P.S. I used the following operator suggested by http://www.quanttec.com/fparsec/users-guide/debugging-a-parser.html to greatly help me in tracing the problem:
let (<!>) (p: Parser<_,_>) label : Parser<_,_> =
fun stream ->
printfn "%A: Entering %s" stream.Position label
let reply = p stream
printfn "%A: Leaving %s (%A)" stream.Position label reply.Status
reply
Usage: turn let parseFoo = ...
into let parseFoo = ... <!> "foo"
. Then you'll get a stream of debugging output in your console that looks something like this:
(Ln: 2, Col: 20): Entering expression
(Ln: 3, Col: 1): Entering call
(Ln: 3, Col: 5): Entering parameters
(Ln: 3, Col: 5): Entering bwParens
(Ln: 3, Col: 5): Leaving bwParens (Error)
(Ln: 3, Col: 5): Entering number
(Ln: 3, Col: 6): Leaving number (Ok)
(Ln: 3, Col: 7): Entering bwParens
(Ln: 3, Col: 7): Leaving bwParens (Error)

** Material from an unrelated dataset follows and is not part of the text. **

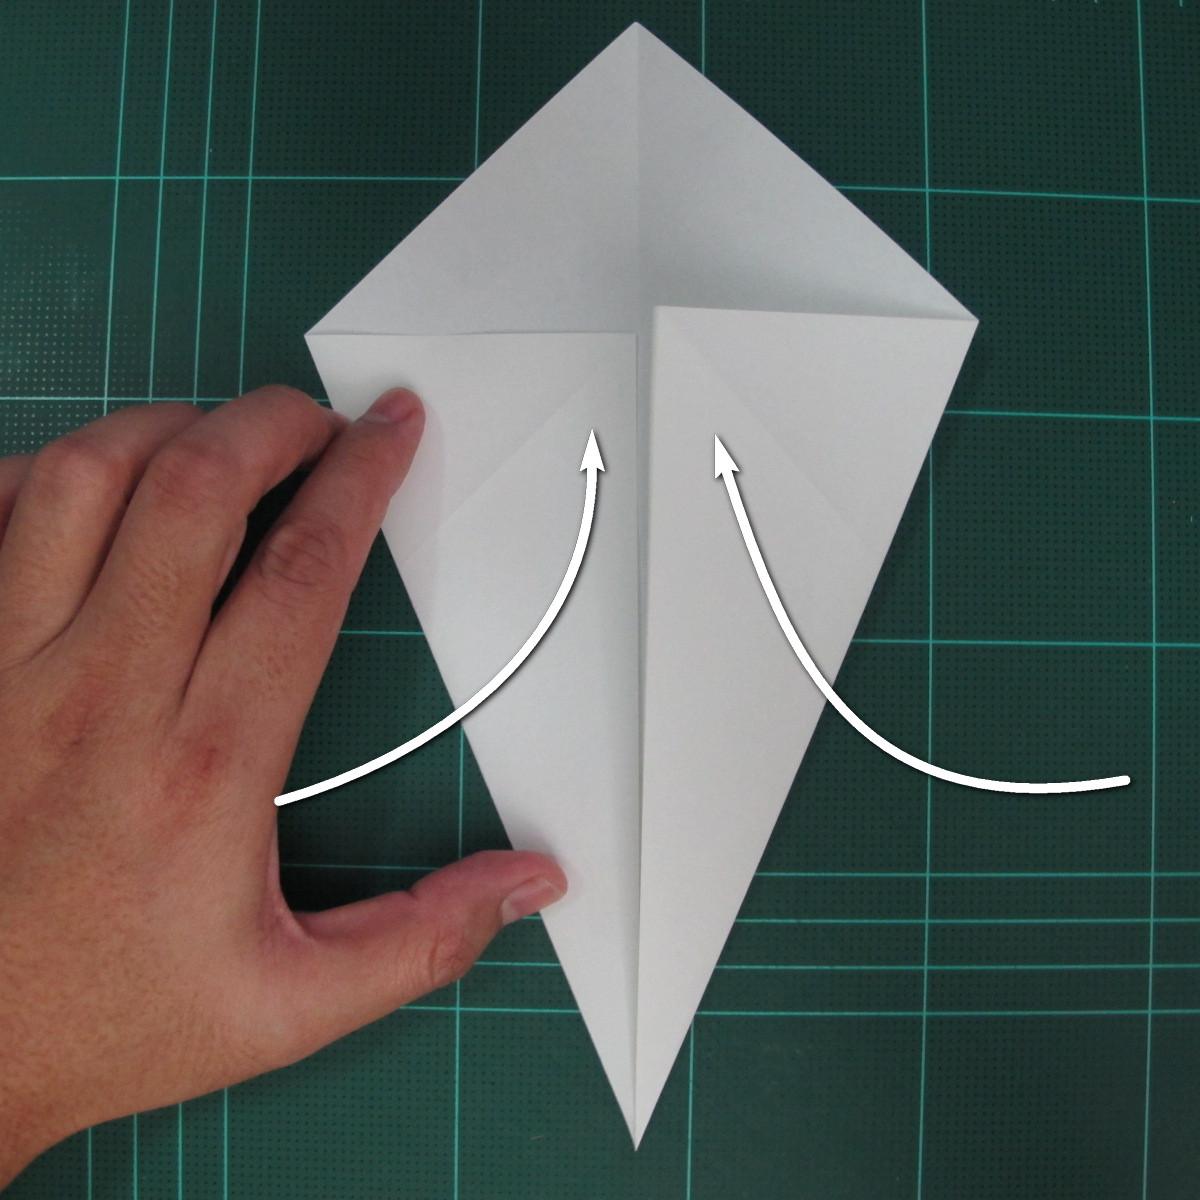 วิธีพับกระดาษเป็นรูปปลาแซลม่อน (Origami Salmon) 003
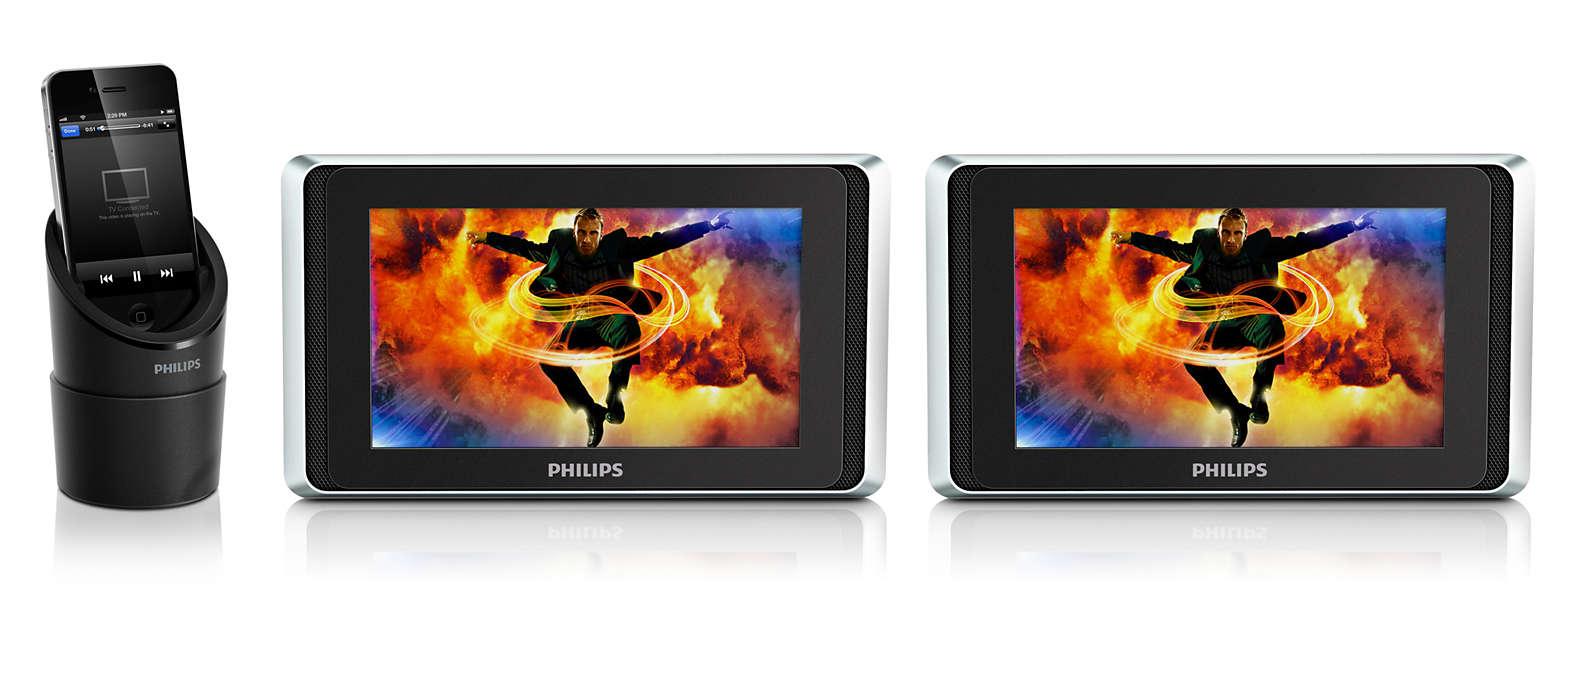 Profitez en voiture des vidéos de votre iPod/iPhone/iPad

(Ln: 3, Col: 7): Entering number
(Ln: 3, Col: 8): Leaving number (Ok)
(Ln: 3, Col: 8): Leaving parameters (Ok)
(Ln: 3, Col: 8): Leaving call (Ok)
(Ln: 3, Col: 8): Leaving expression (Ok)
That helps greatly when you're trying to figure out why your parser isn't doing what you expect.